Beginning with the line that contains "Alternate Image 1", copy each subsequent line of the data below through the last one, including both ends but not the pictures.

[Data section]:
──────

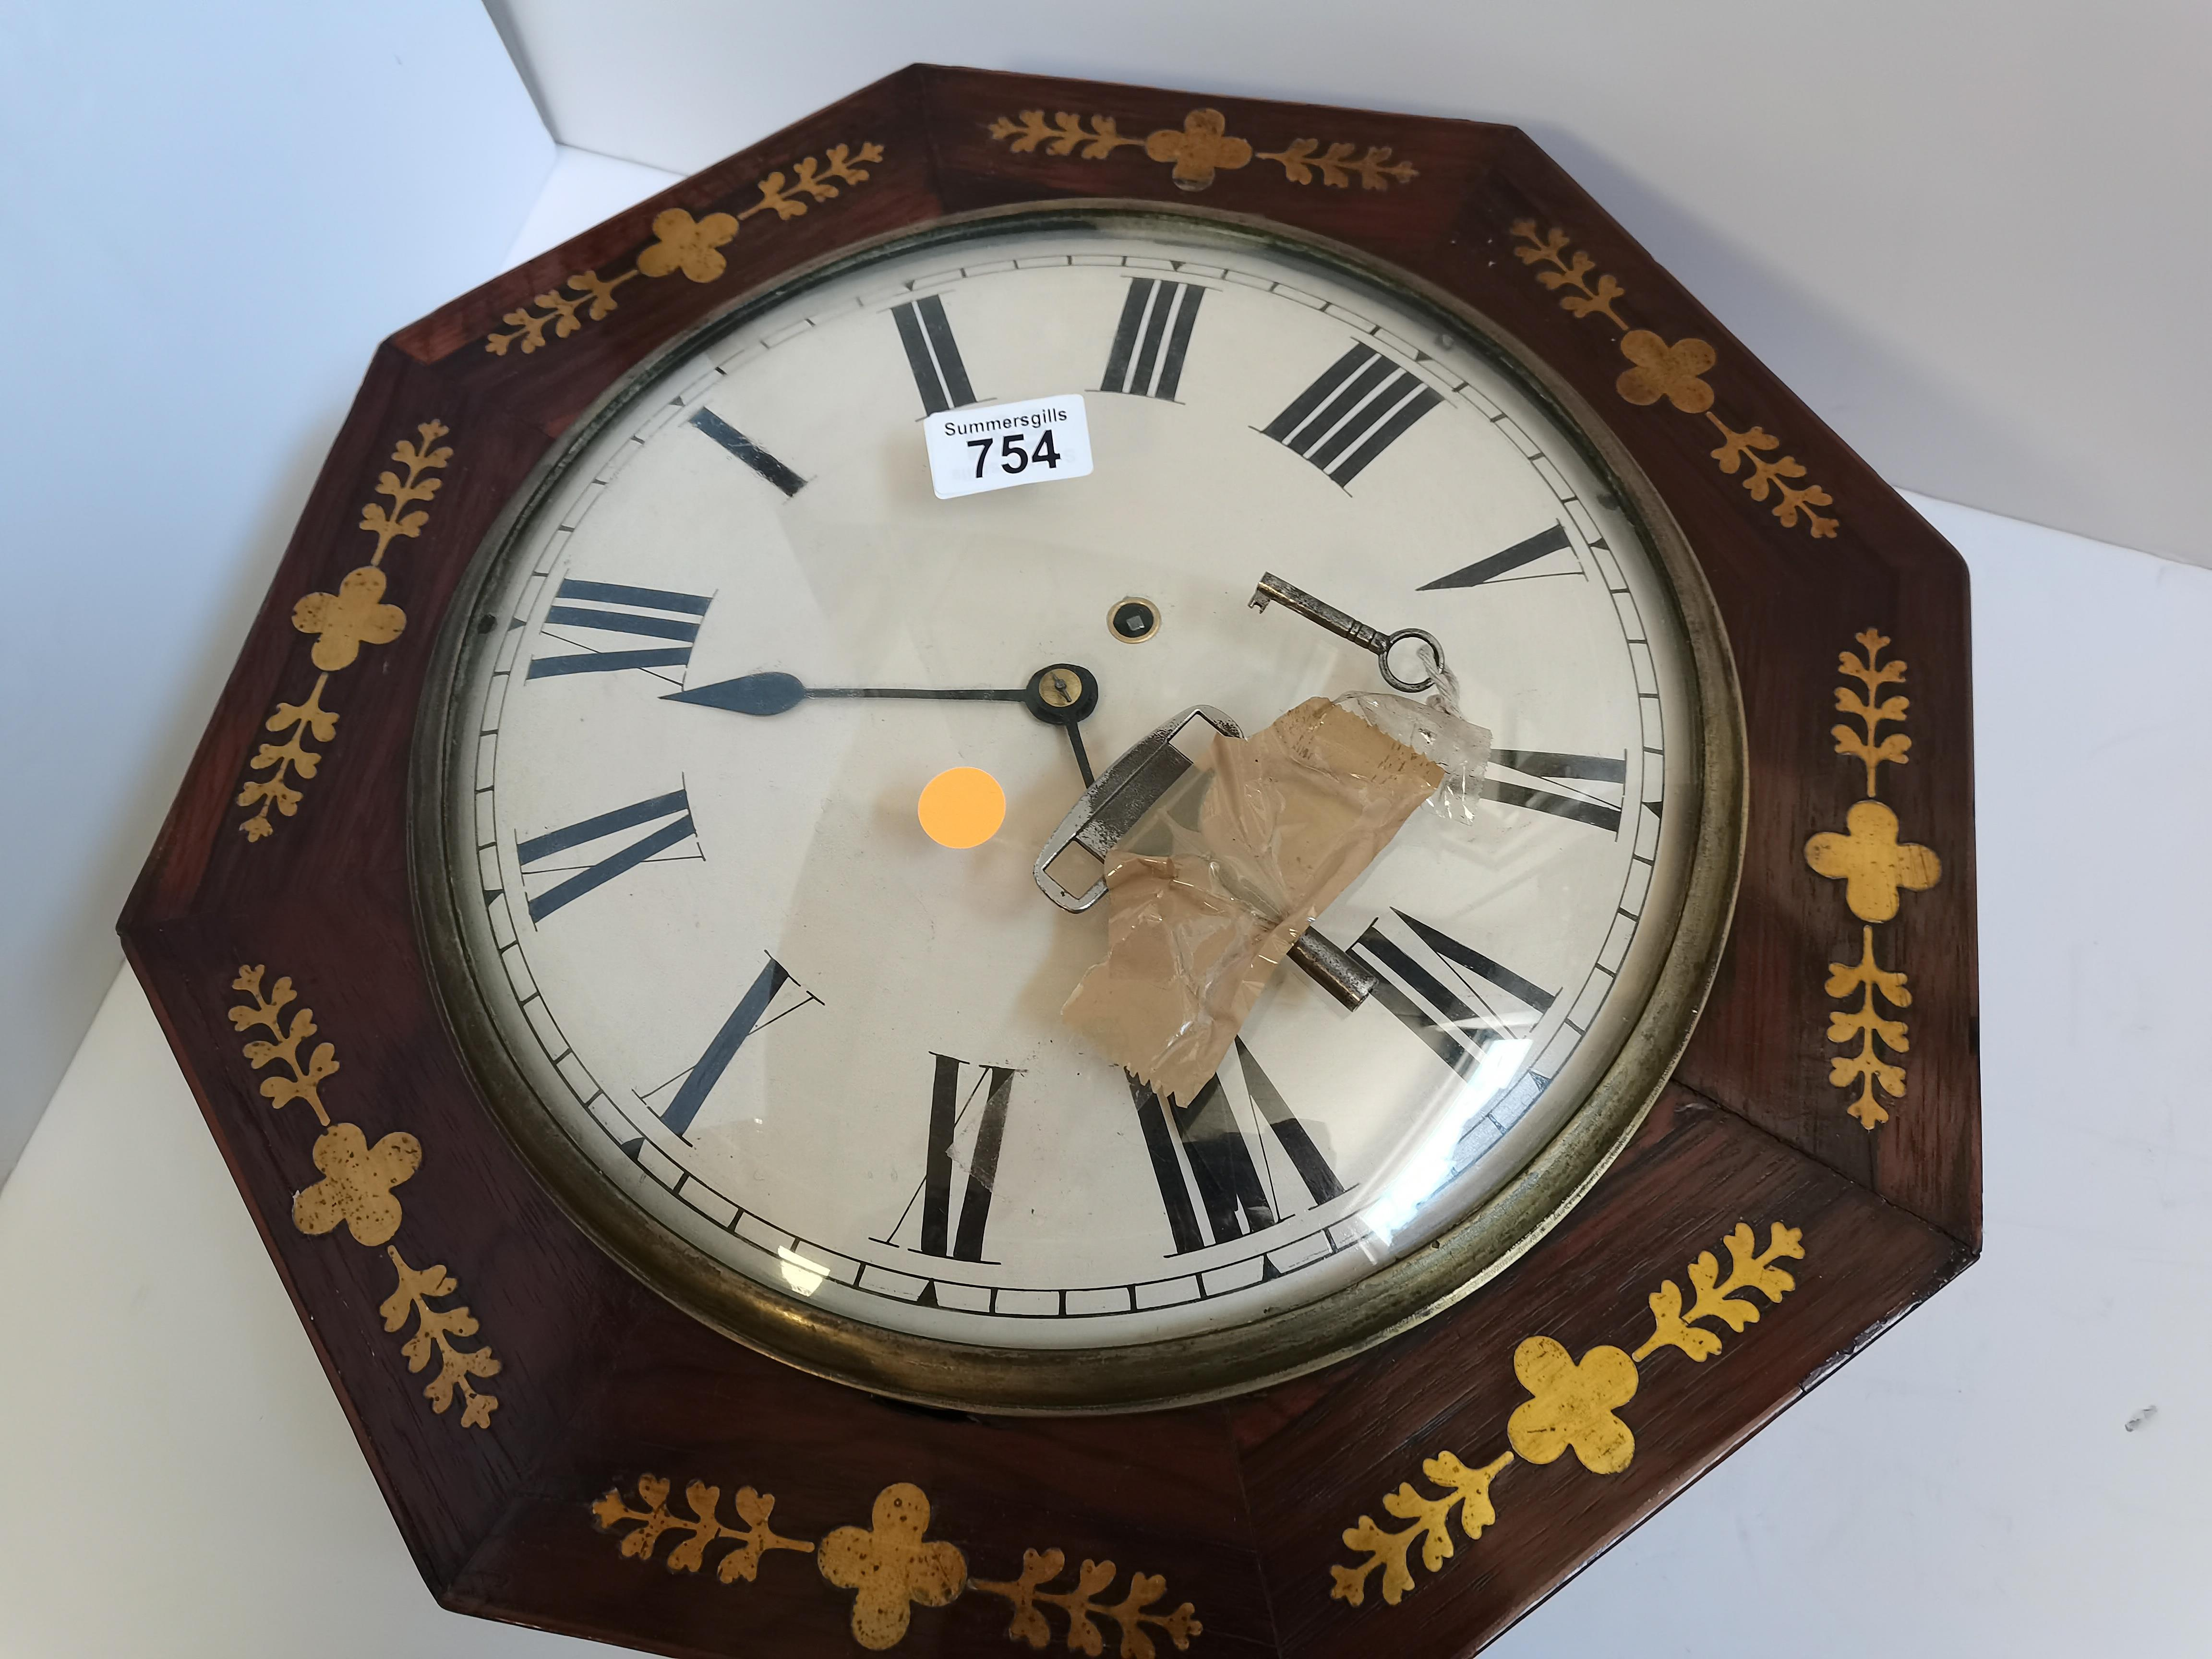 Regency Wall Clock - Image 5 of 6
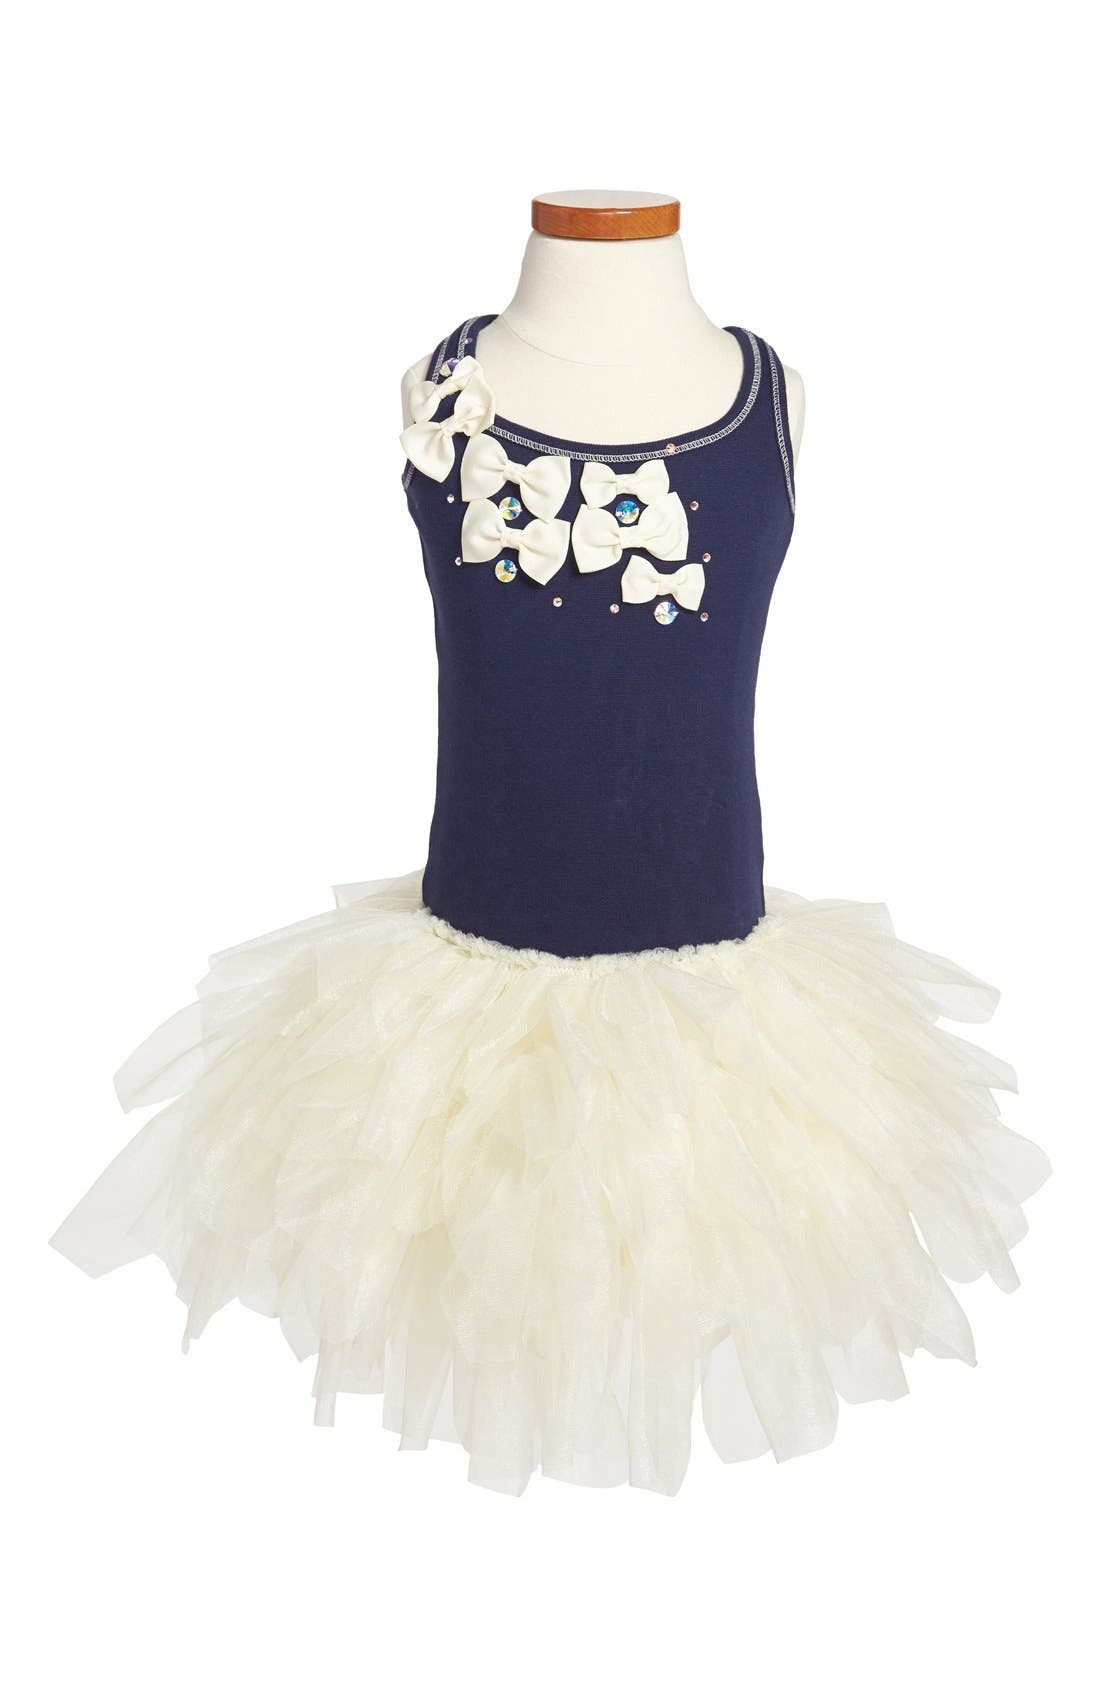 Alternate Image 1 Selected - Ooh! La, La! Couture 'Little Bow' Tulle Dress (Little Girls & Big Girls)
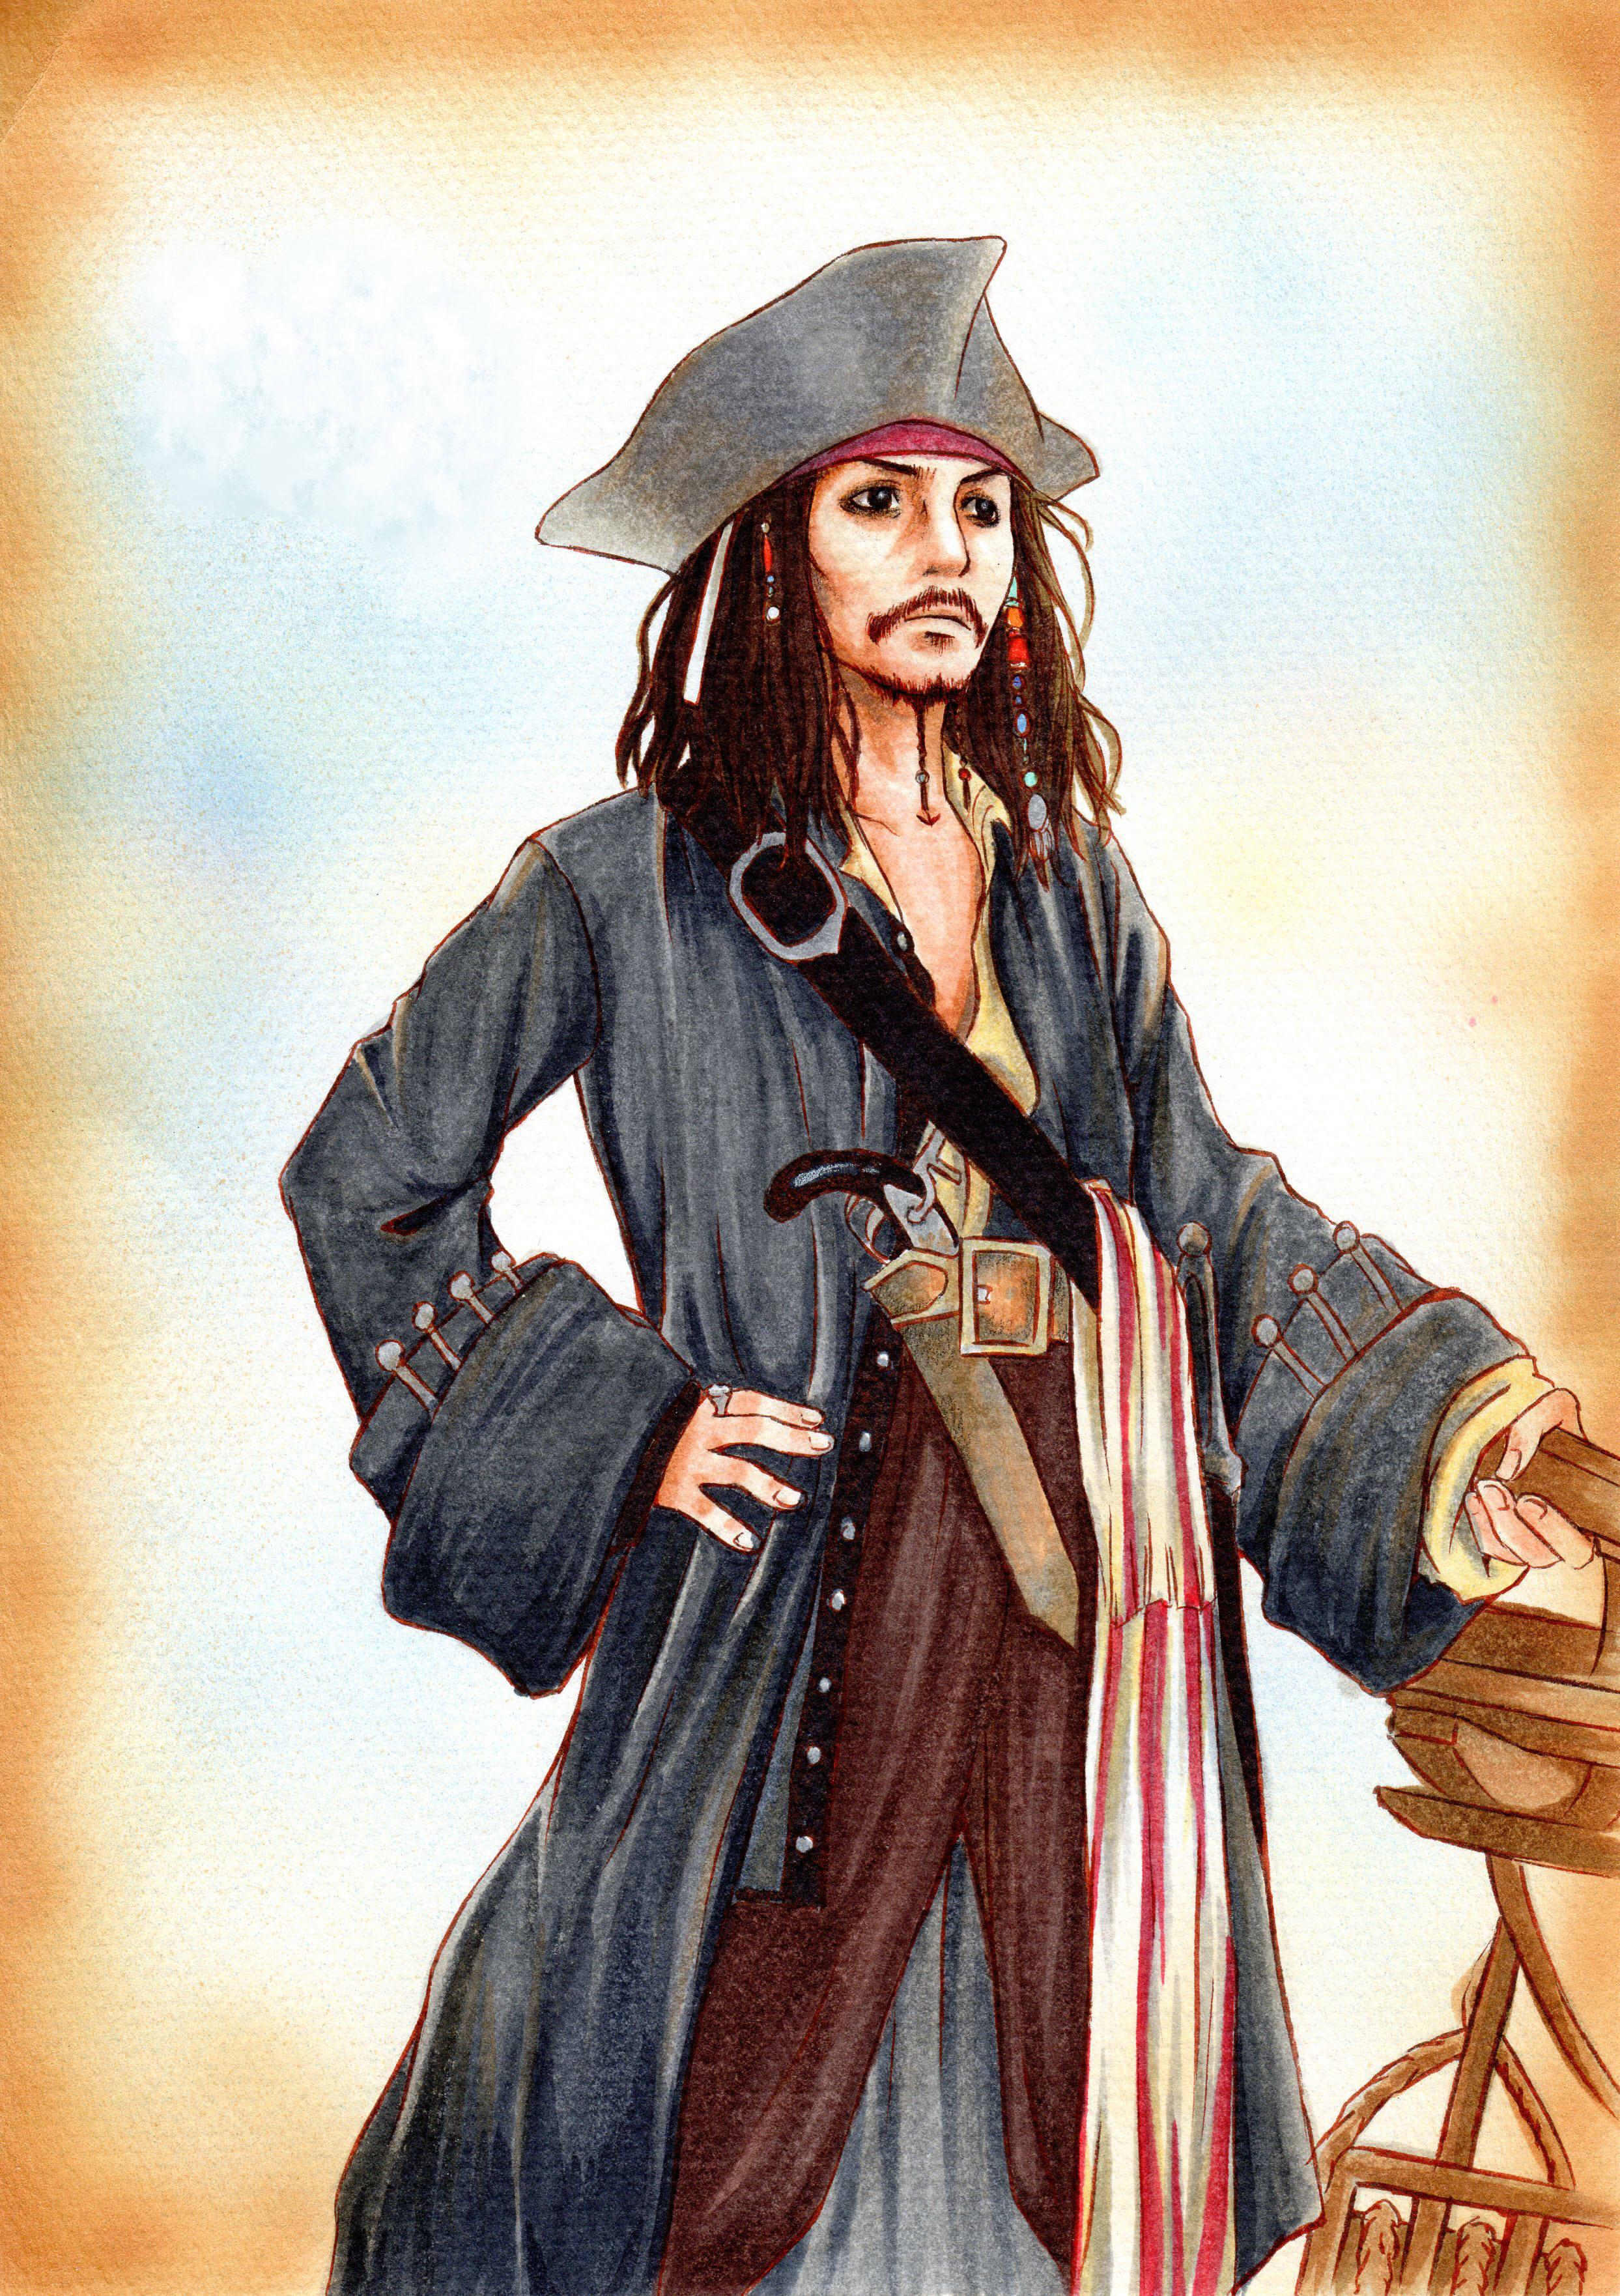 Jack sparrow pirates of the caribbean zerochan anime - Anime pirate wallpaper ...

──────

[Solution to this problem]:
 Alternate Image 1 Selected - Ooh! La, La! Couture 'Little Bow' Tulle Dress (Little Girls & Big Girls)
 Jack sparrow pirates of the caribbean zerochan anime - Anime pirate wallpaper ...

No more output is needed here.